Adopting a dog from a shelter is going to be the best decision you are going to make in your life.

By adopting and not shopping you are not just saving a life, but you are also inviting unconditional love. Being ready to become a dog parent, you’re probably thinking of all the fun and exciting times with your furry friend. The dog is going to be your playmate, walking partner, companion, and so much more. 


Your life is certainly going to change for the better. Of course, it means a lot of added responsibility but you have hopefully factored that in before deciding to become a pet parent. 


So, you’ve made up your mind, probably zeroed in on the shelter, and are on your way to adopt. What could go wrong? A lot of things. 


There are several mistakes you could make in the seemingly easy process of adopting a dog. For instance, only focussing on looks or only certain traits are common mistakes people make. By overstressing on looks or specific personality traits you might actually miss a good match. 


Here are some common mistakes that people commit while adopting a dog

Rushing the decision

It isn’t easy to resist the urge of getting a dog, but you must consider all the pros and cons before starting with the process. From the availability of proper space to your time, you must make a note of it all. The decision to bring home a pet is not a matter of a few days, but a lifetime. Think about whether you are actually ready for it. There are financial concerns also involved as you will have to provide for its necessary check-ups, food, and all the essentials.

Not doing enough research 

Before deciding what size and kind of dog you are looking for, research properly about all breeds and their characteristics. Do a thorough research about different breeds to find out which one suits best according to your environment and lifestyle. A retriever might be suitable as per your apartment size but not your routine as it requires more exercise and grooming than other dogs. You also need to check beforehand whether people in your family and around you have some allergies pertaining to dogs. Thinking about the reason why you are getting a dog, you must choose the breed and size. 

Falling for (just) the puppy face

Well, we can’t blame you for making this mistake! There is nothing more adorable than a puppy with an innocent face. Puppies bring with them challenges adult dogs may not. They are hard to resist but don’t forget they are equally hard to take care of and manage. You need to train them properly and also deal with the mess they will create and teach them how to socialize. You might miss out looking at a grown-up dog who is in need of a house and is well-trained and ready to be your buddy. Think wisely while adopting the dog.

Taking the warnings lightly

Many rescue animals come with their own baggage of challenges. While interacting with the dogs you might see some warning signs with a few of them because of their previous traumatic experiences. It is also possible that as a new pet parent you may not be able to interpret dog behaviour properly. For example, you might choose a dog because of its playful nature only to realize s/he is destructive in a small apartment. Alternatively, a hound feeling stressed at the shelter might be absolutely happy at the comfort of your home. Multiple visits to the shelter and enquiring about the dogs can help you make the right decision. 


Not asking questions

The above-mentioned mistake can be avoided by asking a lot of questions. You are free to get all your questions answered by the people at the shelter home before you adopt your dog. Remember, there are no stupid questions when you’re making such a big decision of your life. Don’t be shy, feel free to ask so that you are not sorry later. Be prepared beforehand and have your list of questions ready with you so that you don’t leave with a doubt in your mind. Get as many details as you can about the dog’s temperament, medical details, history, et all.

Not involving entire family in decision making

The dog you are adopting should get along with all the members of the family, even with the other pets in your house.
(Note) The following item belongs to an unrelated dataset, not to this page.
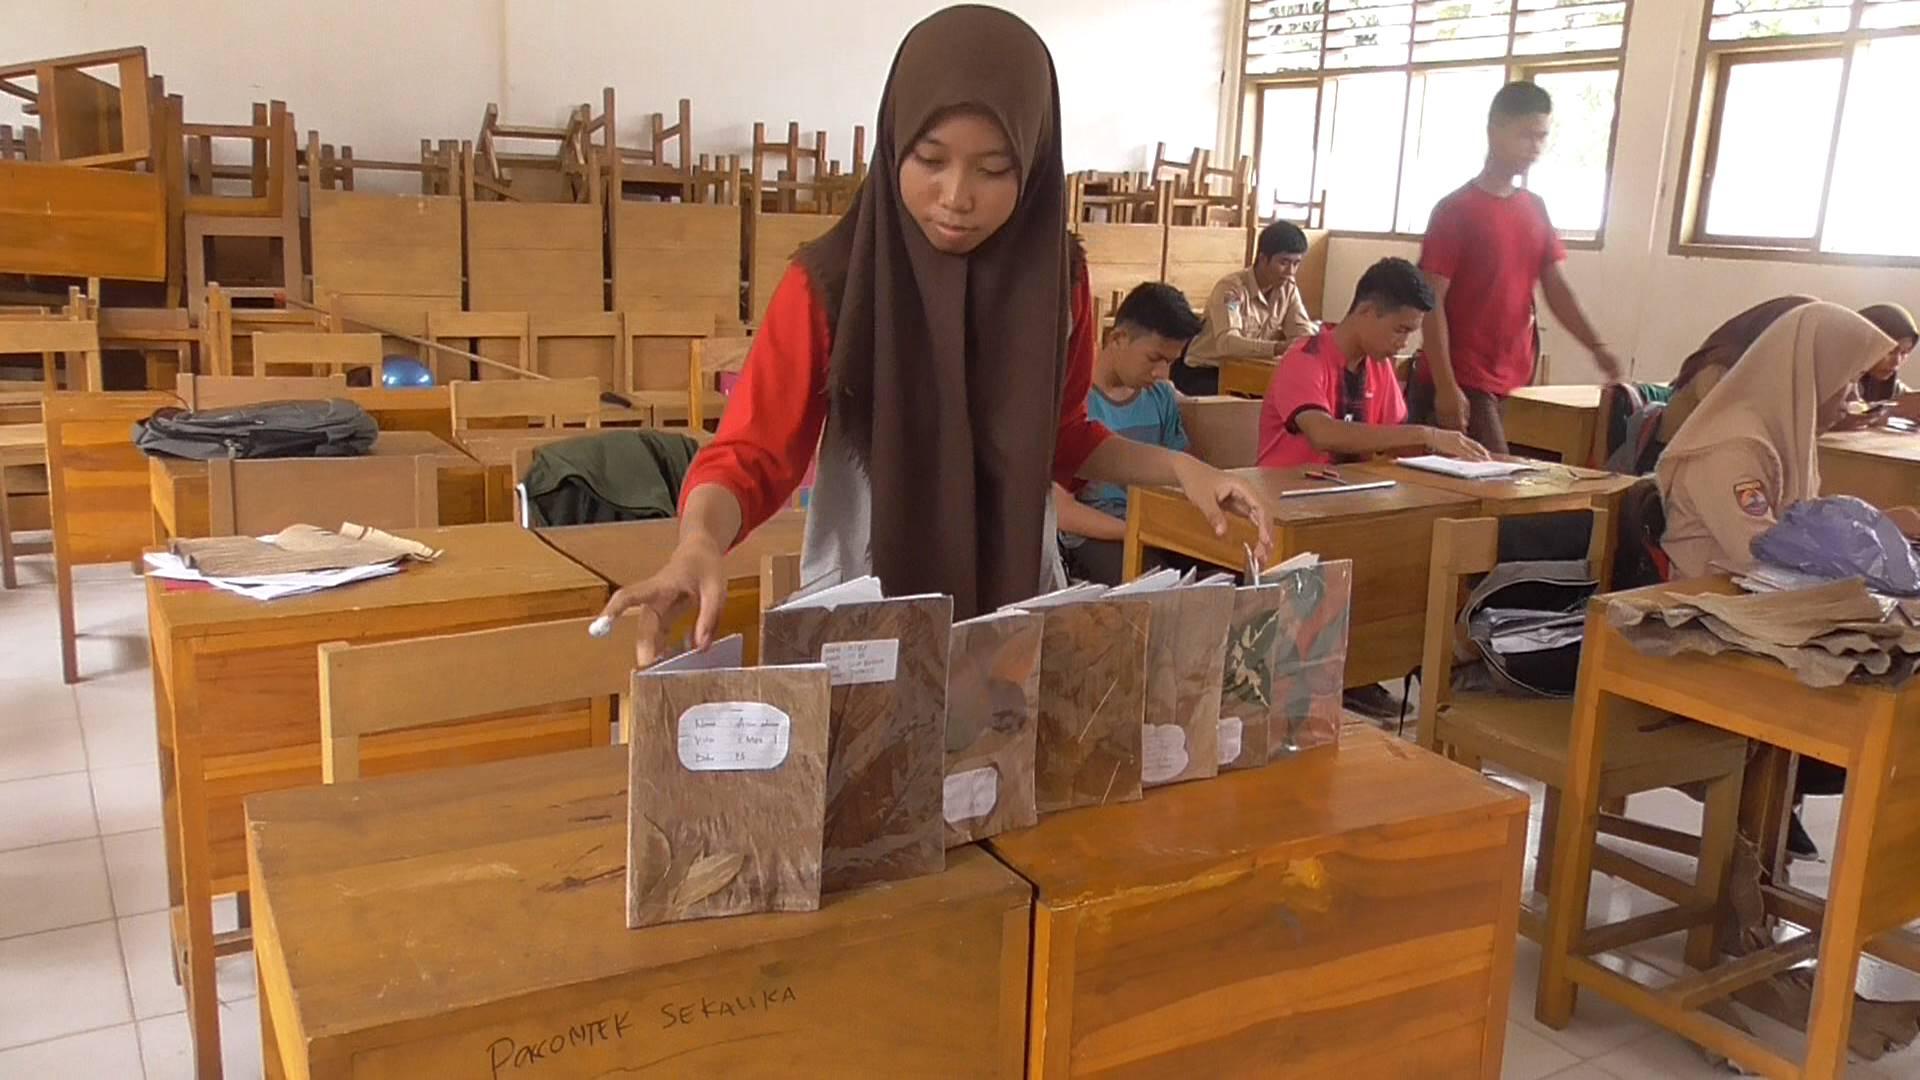 Kreatif, Siswa-Siswi SMA Tapango Sulap Daun Kering Jadi Pembungkus Buku

If you have another dog, take him along with you to the shelter so that you can see who it bonds the most with. Also, make sure to take your children with you as not every dog is kid-friendly and the kids would be spending the most time with the dog, so they need to create a bond beforehand.


Ignoring the caretaker’s advice

The people at the shelter meet many people and families every day who come forward for adoption. They ask you questions about your lifestyle, routine and more. Listen to them carefully when they tell you what kind of dog would suit your home the best. They know each and every dog very well and are in the best position to give you the right suggestions.


Adopting because you feel sorry

Listening to the pain that the dog has been through, anyone would feel sorry for them but that is not reason enough for you to adopt it. You must adopt it only when you feel it’s the right match for you. This is what will sustain your relationship with your dog in the long term.

Being rigid about a particular breed

It is important to have a specific kind of dog in your mind while going for adoption but don’t be so adamant about it that you ignore the connection you feel with a dog from another breed. The individual personality of a dog matters the most.

Expecting it to be easy

The adjustment once you get the dog home is not going to be easy. You will need to work a lot to make it feel comfortable and also adjust your routine and lifestyle at some places. Be ready for all the hard work and commitment. In return, you will get unconditional love and affection.

Before starting your process of adoption, you must know all about the procedure and also make sure to not make any mistakes on the way. You are about to make a lifetime commitment, so don’t rush, take your time and move ahead.